In longitudinal studies, attrition has to be considered. A certain drop out within the period of 18 months has to be expected either due to rapid progression and “hastened death” or other causes (withdrawal, non-ability to be interviewed due to worsening condition) . However, most of these incidents are unavoidable in this group of interest, so we work with the construct of a minimum data set (see above). Furthermore, we engage in building sustainable relationships with the participants throughout the process. Regular telephone contacts will also contribute to reduce attrition . Hence, we are planning to start with recruitment of about 30 cases at the onset, to gain a total of 20–25 complete data sets in order to avoid oversampling . Apart from the length of the trajectories additional variability evolves from interviews which will be conducted jointly, as well as additional personal interviews due to acute crisis where necessary. The older people and their non-kin-carers will be interviewed separately, however, if they want to do one or more joint interviews we would allow this, too [34, 39].
In light of this, it is difficult to calculate an exact number of interviews planned. Therefore, we work with approximate numbers. We estimate an average value of about 180 interviews to be conducted within the study period. This number considers a minimum of 80 interviews with older people living alone and/or non-kin carers up to a maximum of 225 interviews as presented in Table 2.
To generate the data-sets for the case studies serial interviews with the older person living alone and/or her non-kin-carers will be conducted. We would like to collect the two perspectives separately, however, if preferred, we would also interview simultaneously [34, 39]. To build up a trustful and sustainable relationship, which is crucial for longitudinal studies, all interviews within a trajectory shall be conducted by the same interviewer . We apply narrative interviews as narratives have proven to produce the most suitable and saturated data to present perspectives of people on end-of-life issues [45, 46].
The initial interviews serve two goals. On the one hand, they aim to build a trustful relationship between researcher and participant . This will be crucial in order to get high quality data and to motivate people for serial interviews . Secondly, it is necessary to include information about the biography and current situation of the older people as well as their informal carers in order to make sense of the data. An interview guide will be prepared and piloted before starting the first baseline collection of data. It serves to capture the range and depth of the subject’s experiences, while being sufficiently flexible to enable the interviewer to respond to individual concerns. Interviews with non-kin-carers will aim to explore motivation for their commitment as well as limits or prior experiences with caring.
The follow-up interviews will be conducted by the same researcher as the initial interviews and will start with open stimuli to allow the participants to provide an update of their situation including key events in the foregoing weeks. Some issues will be checked regularly as integrated in a follow-up-interview guide, e.g. ideas about the future or issues of relationship between non-kin-carers and persons in need of care. The interview guide for the follow-up interviews will also consist of an individual part depending on the situation and dynamics of each case. This latter part will be informed by the telephone conversations between the personal interviews.

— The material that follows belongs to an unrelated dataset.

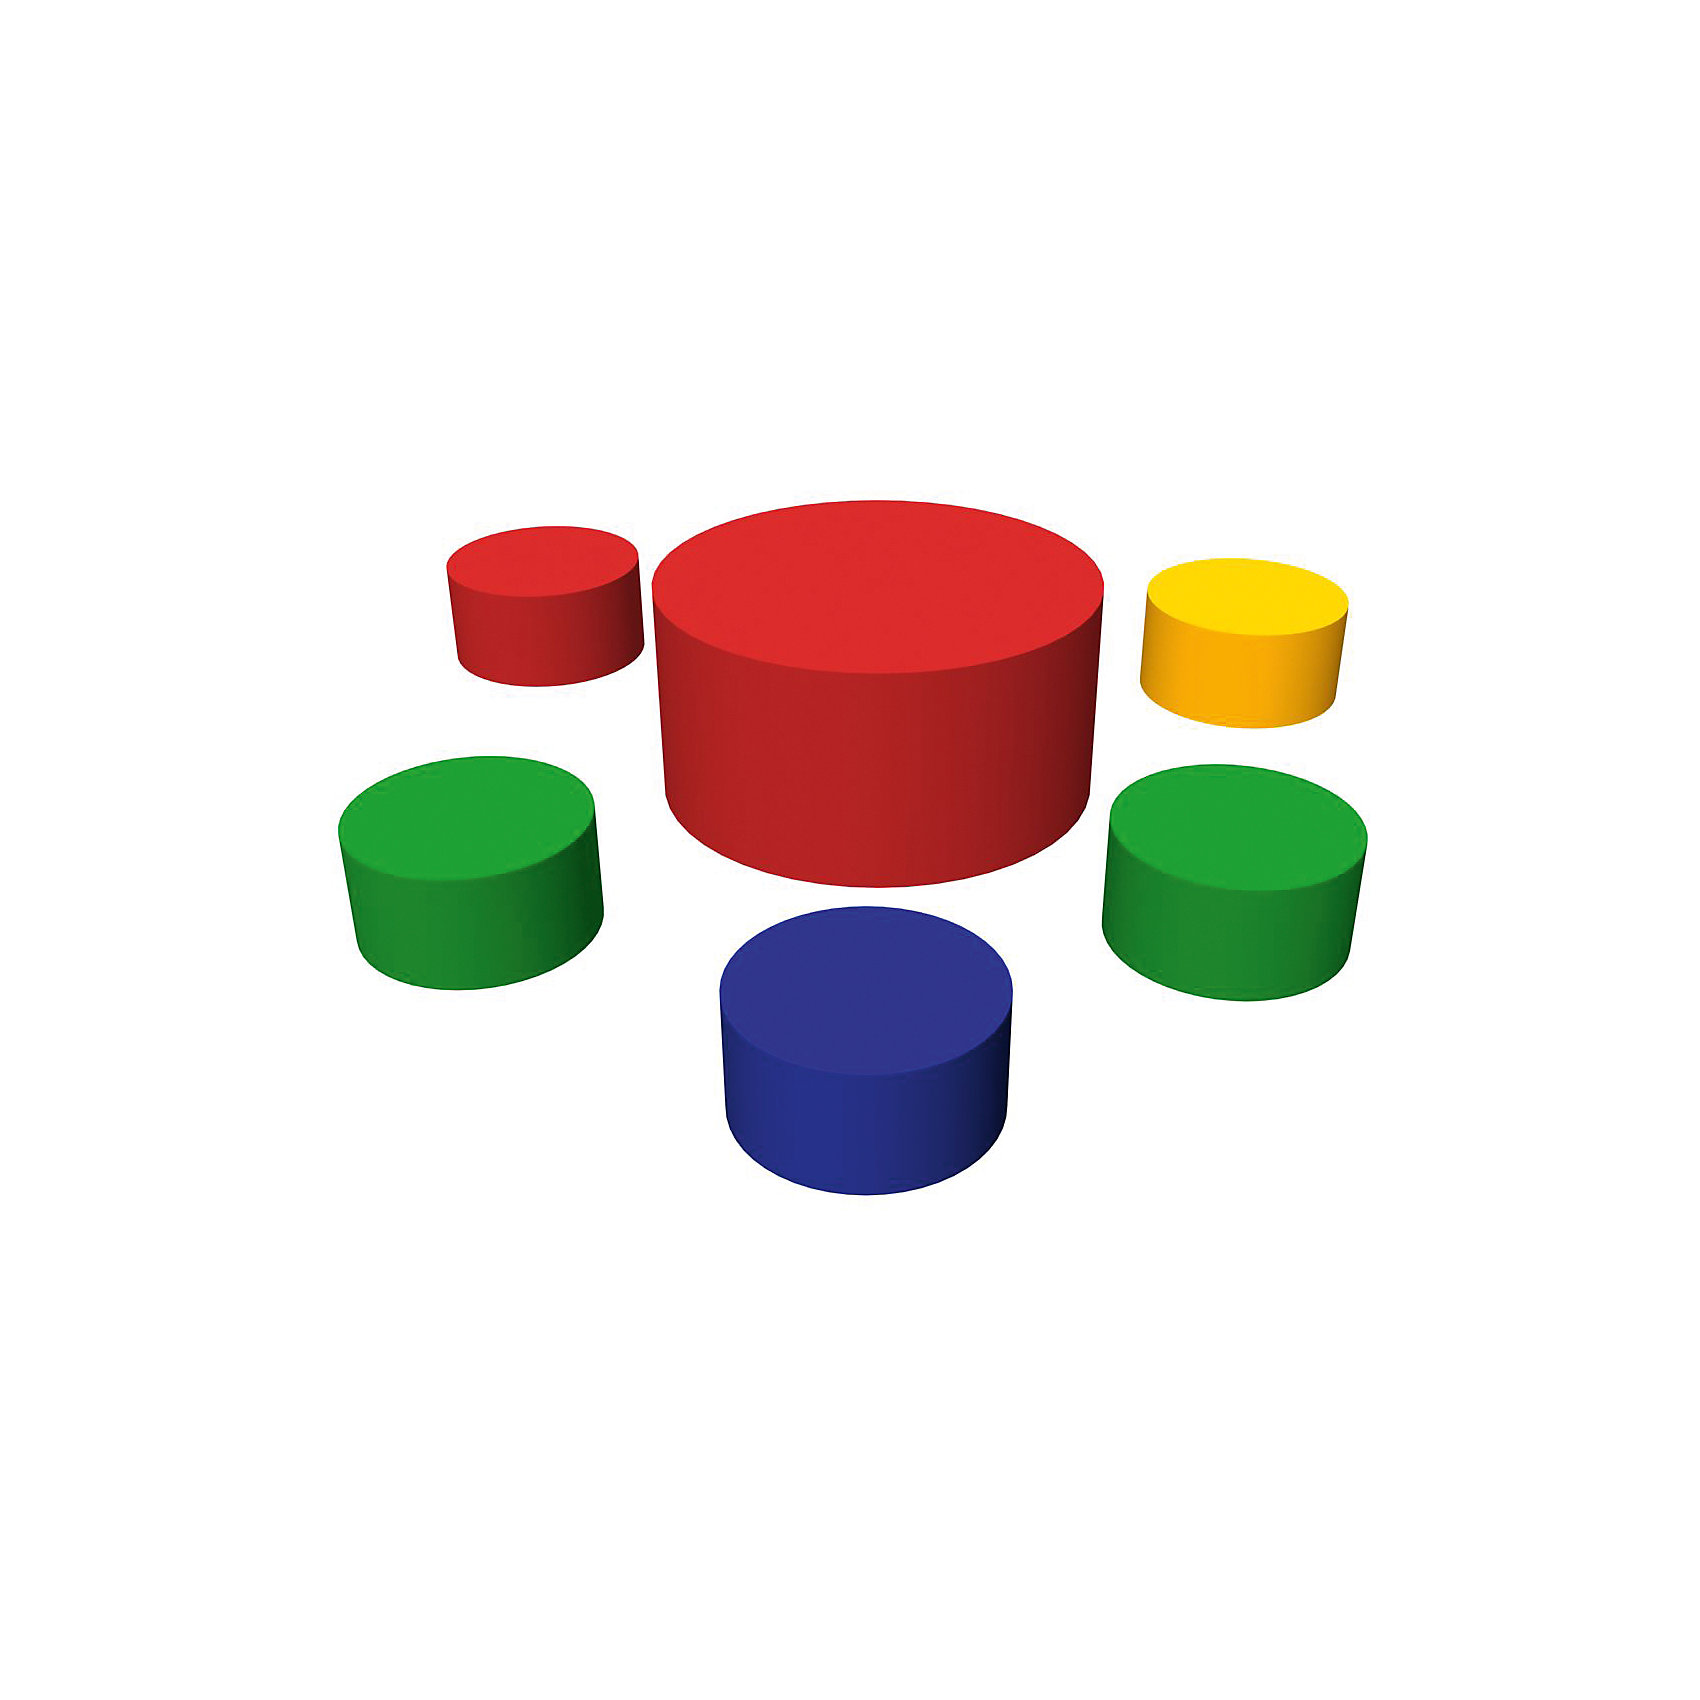 Игровая мебель 6 элементов, RomanaМебель<br>Мягкий комплекс подойдет для игровых комнат.<br><br>Ширина мм: 1500<br>Глубина мм: 1500<br>Высота мм: 300<br>Вес г: 7000<br>Возраст от месяцев: 36<br>Возраст до месяцев: 60<br>Пол: Унисекс<br>Возраст: Детский<br>SKU: 6742455

The telephone-interviews will consist of one or two questions aiming to recall the study and collect contextual information to the current situation of the care arrangement. The calls shall not be recorded to keep them quite informal and to build trust. However, the researcher will take notes right after the telephone call and these notes will be part of the data pool for analysis as well as useful information for the subsequent personal interviews.
In case of death of an interviewee, we will conduct a retrospective interview with the non-kin-carer. The aim of this interview is to focus on the last phase of life and specific conditions and challenges in the last days, as well as after death. Issues of bereavement in non-kin-carers will be part of these interviews, too. Timing of these retrospective interviews will depend on the non-kin-carer. Interviews with bereaved family members usually are conducted 3–5 months after death of the person , but an individual variation according to the closeness of the relationship as well as personal characteristics of the non-kin-carers have to be considered in this study.
All personal interviews will be voice-recorded and transcribed verbatim. Additionally, field notes and postscripts will be provided on the context and course of the interviews as well as the telephone conversations.
Data analysis & Synthesis
Analysis of the data aims to provide case studies, which illustrate key issues within a process of care including perspectives of older people living alone and their non-kin-carers. Therefore, we refer to strategies applied in longitudinal case study research (e.g. [48, 49]) as well as the grounded theory approach. The latter is used when little is known about the area of interest and it focuses on identifying, describing and explaining interactional processes in a social context .
Analysis will be iterative throughout the study, which allows to condense emerging themes and phenomena within trajectories as well as to inform subsequent interviews . We will apply MAXQDA software to manage qualitative data, specifically for coding as well as for comparison within and across cases and trajectories . The aim is to create a narrative of the case, in order to work out key phenomena according to the research questions. In light of these, analysis should also result in a systematically characterization of different care arrangements which support older people’s preferences for staying at home.
In addition to the analysis of trajectories, we will conduct cross-sectional analysis for selected data-sets, e.g. baseline interviews with the older people living alone and the non-kin-carers as well as retrospective interviews with bereaved non-kin-carers . To this end, the data will be coded using MAXQDA software and categories will be arranged in order to work out key phenomena and formulate theoretical assumptions following grounded theory methodology in a constructivist understanding as suggested by .
In qualitative research, and especially in end-of-life studies support for the researcher is essential in order to ensure high quality data and avoid distancing and/or over-involvement . As this is a longitudinal study specific risks have to be considered, such as over-rapport  or concerns with regard to death and dying of participants. However, it is important to reflect upon these. Beyond ongoing supervision by the project leader throughout the study the research team will require counseling by an external supervisor (psychologist) to address burdensome experiences during the fieldwork.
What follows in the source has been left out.